K-numberK252090
Device namePterygoid Indication for GM Helix Implants
ApplicantJJGC Indústria e Comércio de Materiais Dentários S.A.
Product codeDZE
Device classClass II
Decision dateDec 12, 2025
DecisionSubstantially Equivalent
Regulation872.3640
AI Summary extracted from FDA summary PDF · never regenerated
Intended use

The Neodent GM Helix Implant System comprises dental implants and abutments intended for surgical placement in the upper or lower jaw to support prosthetic teeth and restore chewing function. This 510(k) expands the indications to include placement in the pterygoid region (upper jaw) for patients with severe jaw resorption, using 3.75–4.0 mm diameter implants with 45° angulated abutments in splinted multi-unit restorations.

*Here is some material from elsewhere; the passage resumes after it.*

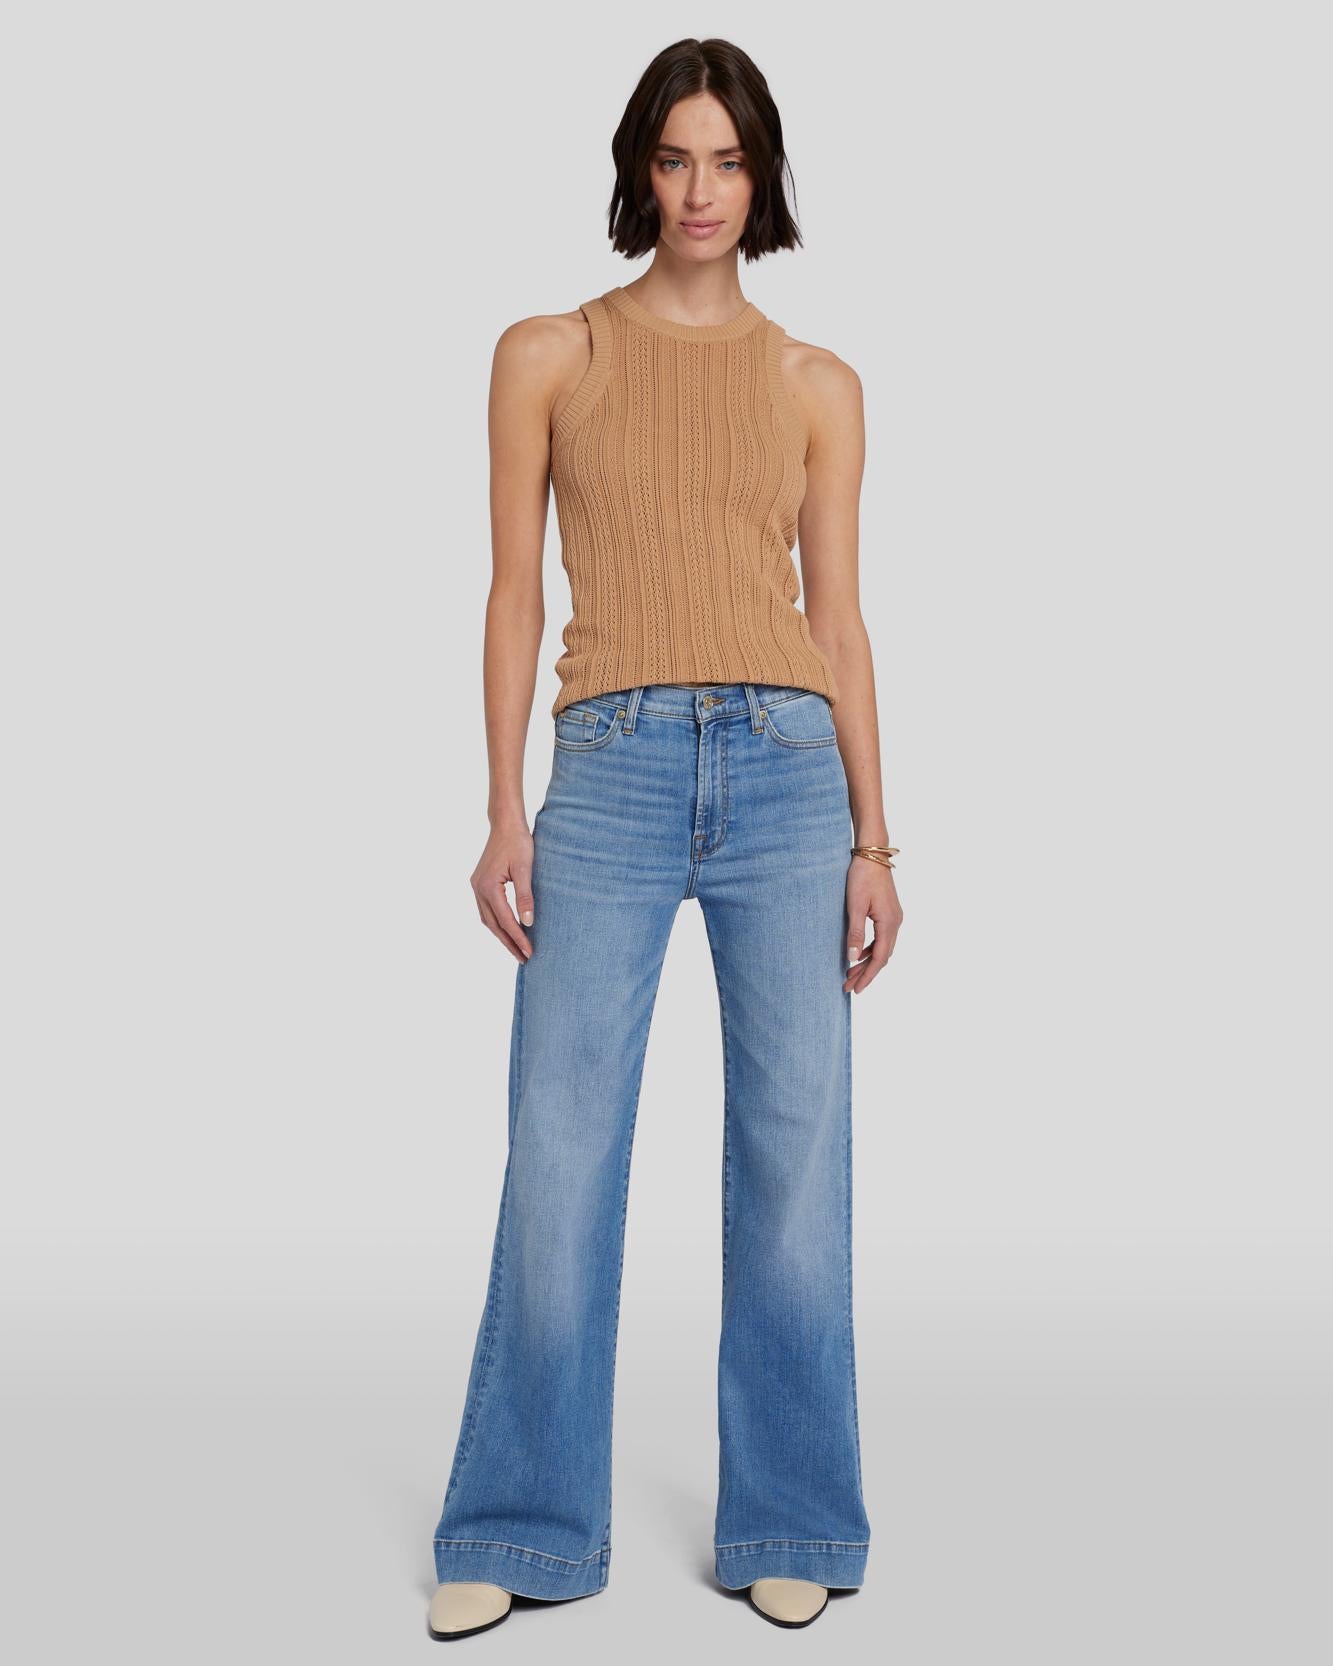 Women's High Waist Jeans- Denim for Women
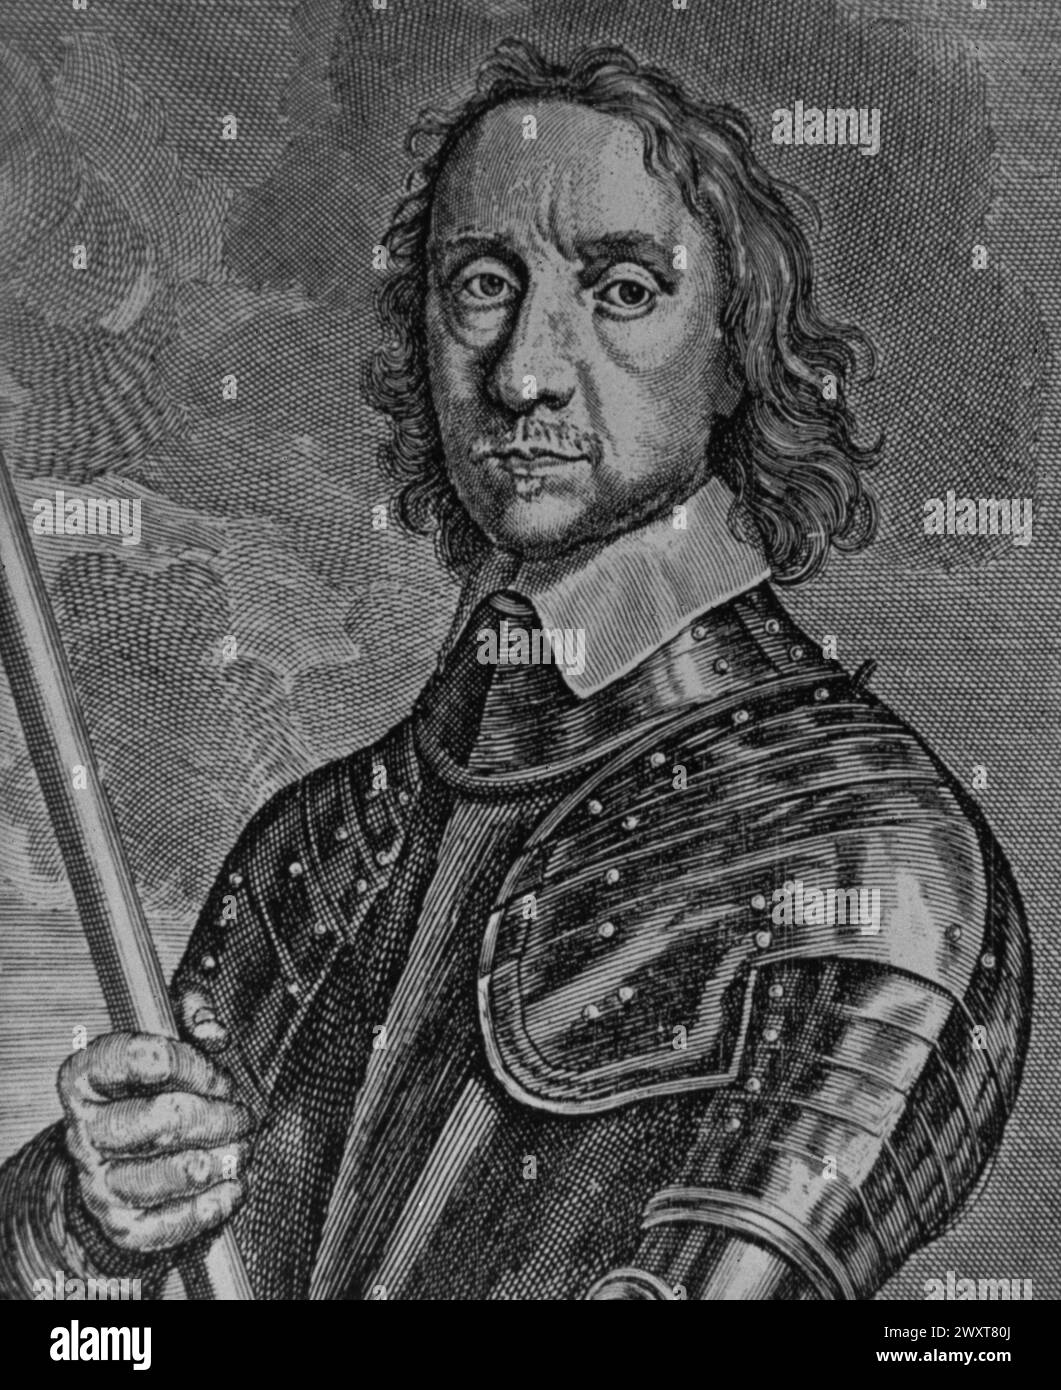 Ritratto di Oliver Cromwell, Lord Protettore d'Inghilterra, inciso su un dipinto di Conrad Woumans, Inghilterra XVII secolo Foto Stock

Technological characteristics

The subject devices are threaded root-form implants with Grand Morse (GM) internal taper connection, made of titanium grade 4 (implants) and titanium alloy (abutments). Diameters are 3.75–4.0 mm; lengths are 18 mm for GM Helix and 20–25 mm for GM Helix LG. Abutment angles are 45° with gingival heights of 1.5–2.5 mm. Surface finish is Neoporos or Acqua; sterilization is gamma irradiation for implants and ethylene oxide for abutments.

Test standards cited

ISO 14801 (dynamic loading test for endosseous dental implants), ISO 10993-1, ISO 10993-5, ISO 10993-18 (biocompatibility), ISO 11137-1 and ISO 11137-2 (sterilization validation), ISO 11135:2014 (ethylene oxide sterilization), and ISO 10993-7 (ethylene oxide residuals). FDA Guidance for Class II Special Controls for Root-form Endosseous Dental Implants and Abutments was also cited.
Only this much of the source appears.